The Association: Studies have linked COVID isolation to increased domestic violence. Have you seen this, and what has this meant for your work at the National Link Coalition?
Phil Arkow: Yes, and I presented on this in November at the Canadian Violence Link conference. COVID has also impacted child and elder abuse, animal abuse and behavior, animal support services, and veterinary medicine.
The Association: How has the field of animal welfare changed since you began your career?
Phil Arkow: When I joined the field in 1973…
There were only 6 of us in the entire country doing humane education full-time. Today there’s an Association of Professional Humane Educators with over 350 members.
Back then, humane societies thought they had nothing in common with animal control agencies. Animal control agencies were not even allowed to join the American Humane Association, so we formed NACA. Today the field is called Animal Care & Control, and California and Colorado have wisely merged their state humane federations and animal control associations.
Humane societies fought with veterinarians over low-cost spay/neuter. Today there is a vibrant Association of Shelter Veterinarians, veterinary forensics is a recognized specialty to help advance animal cruelty prosecutions, and the One Health/One Welfare movements join veterinary and human medicine in recognizing The Link between animal abuse and human violence.
What was then called “pet therapy” was in its infancy; today Animal-Assisted Therapy & Activities are widely recognized as using the power of the human-animal bond to help people with special needs.
The Association: Thank you for reminding us of these positive changes. What about the public’s perception of shelters and how we talk about our work?
Phil Arkow: At a SAWA meeting in 1979, Bill Barrow predicted that unless humane societies and shelters undertook a marketing approach that emphasized how animal welfare helps people, they would be phased out of existence by more powerful human-oriented charities and by the emerging professionalism of animal control. More than 40 years later, we are seeing many shelters rebrand themselves as emphasized in what I found to be the three most compelling statements of this era:
- A 2007 study found, “Animal rights and family protection agencies often represent independent or marginally linked organizational structures. Consequently, services for the protection of humans and animals frequently lack integration and coordination.”
- A 2010 study commissioned by the ASPCA reported that “When it comes to cruelty to animals, both law enforcement and the public rank violence against humans above animal cruelty. Animal abuse is seen as a fairly important issue, but just can’t compete. Research demonstrating correlations between animal abuse and human violence has an effect on how seriously law enforcement and the public take animal cruelty issues.”

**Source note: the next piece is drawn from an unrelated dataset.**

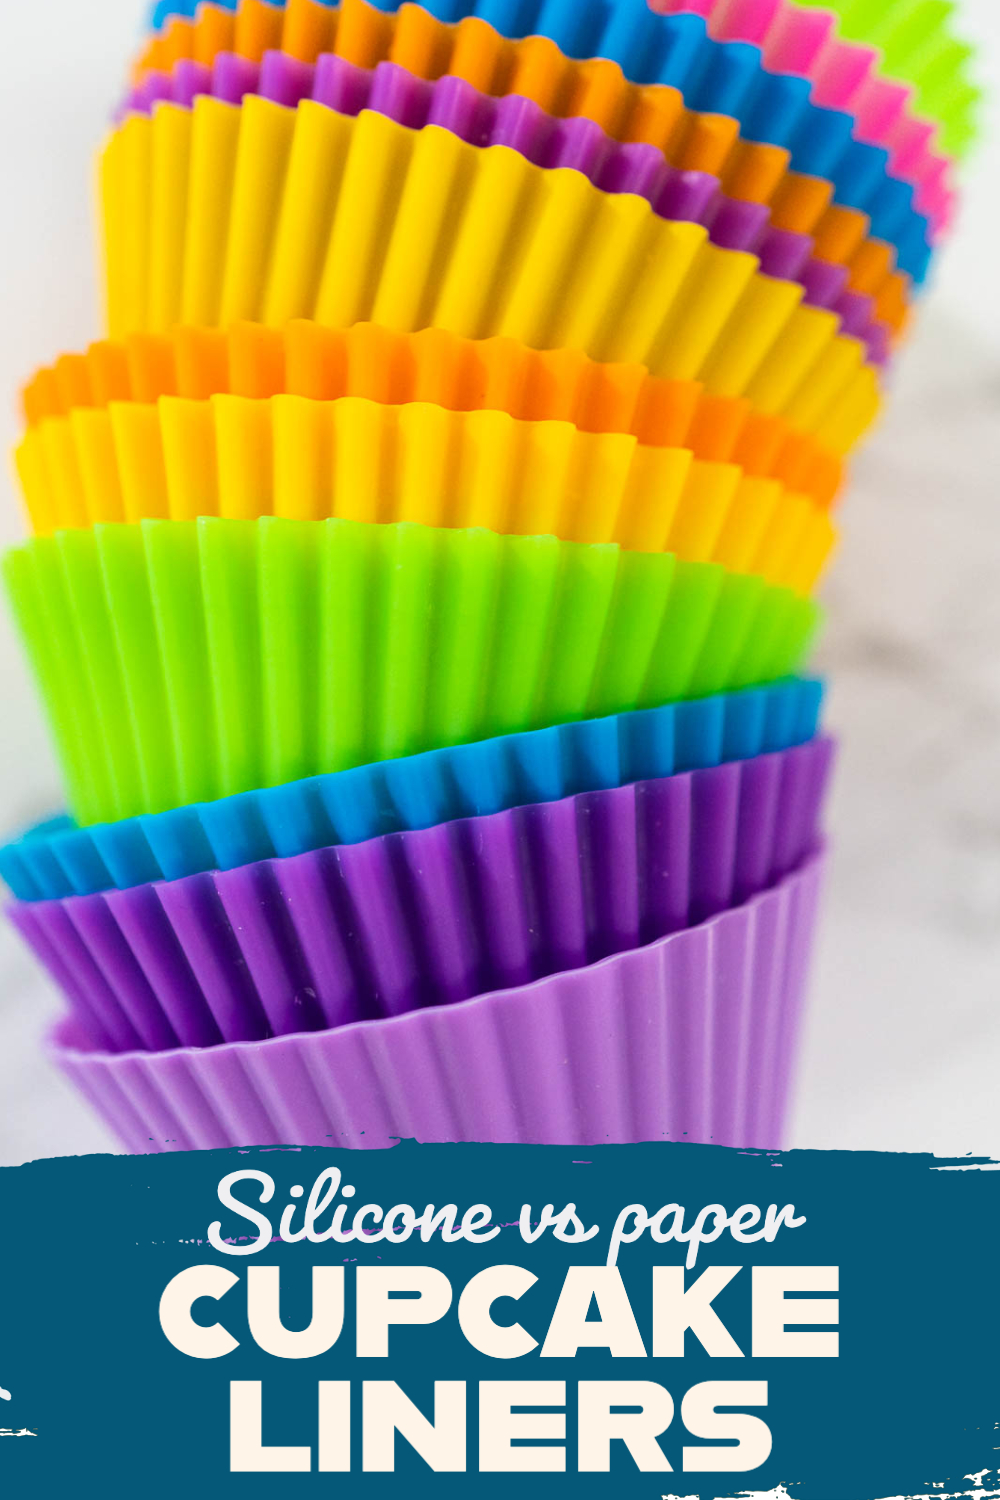 Silicone vs paper cupcake liners
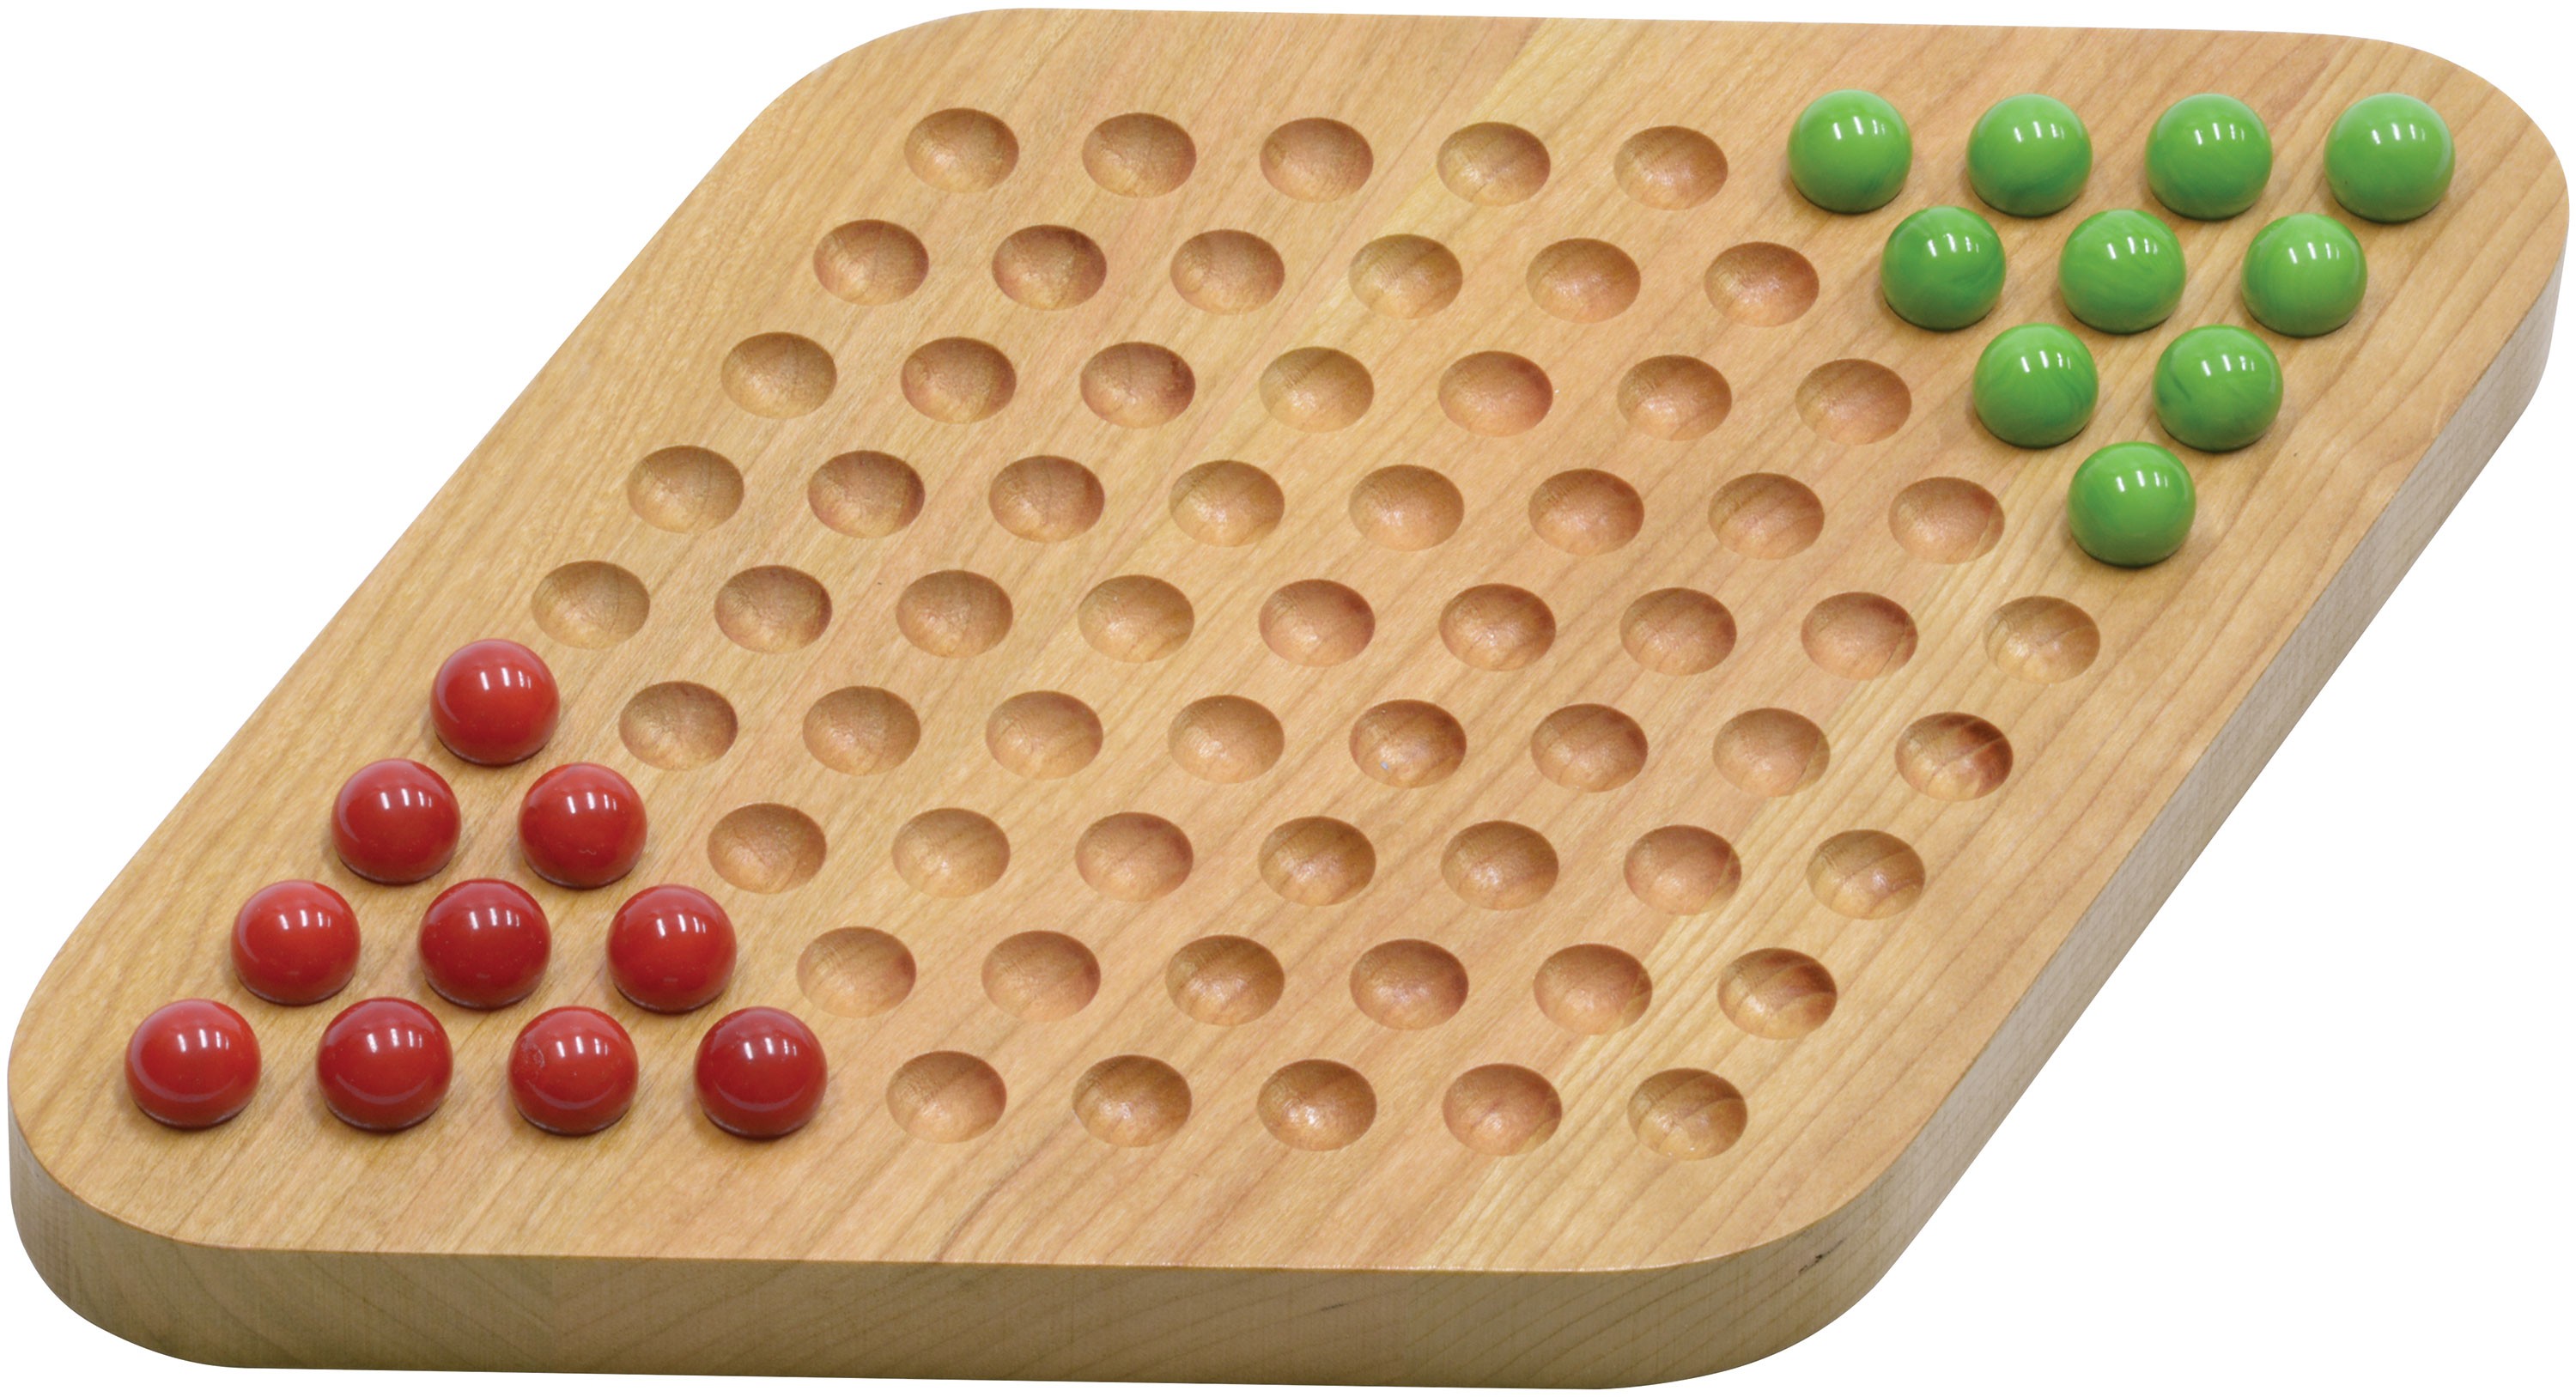 play chinese checkers 3 player online

- And finally, a 2010 market research study observed: “The philosophy in the animal welfare community is switching to addressing human problems that underlie crises with animals. Animal shelters’ service philosophy is evolving to recognize that treating symptoms of animal welfare problems, such as animal homelessness, abuse and neglect, is only a stopgap solution: to be truly effective, underlying causes such as community and family dysfunction and violence must be addressed.”
The Association: Wow. Amazing to think we’ve been aware of this issue and have made slow progress, but still there is a belief that we should be focusing solely on helping animals, because some believe this isn’t a people issue. What words of wisdom can you share?
Phil Arkow: On leadership: Hire good people… and then get the hell out of their way.
And my favorite motivational tip: “Live your life like a dog. Bark less. Wag your tail more. Let people pet you. Take more time to play. And don’t poop on other people’s lawns.”
The Association: OK, that last one might win the prize! Final question…what’s the last book you read?
Phil Arkow: The Second: Race and Guns in a Fatally Unequal America by Carol Anderson.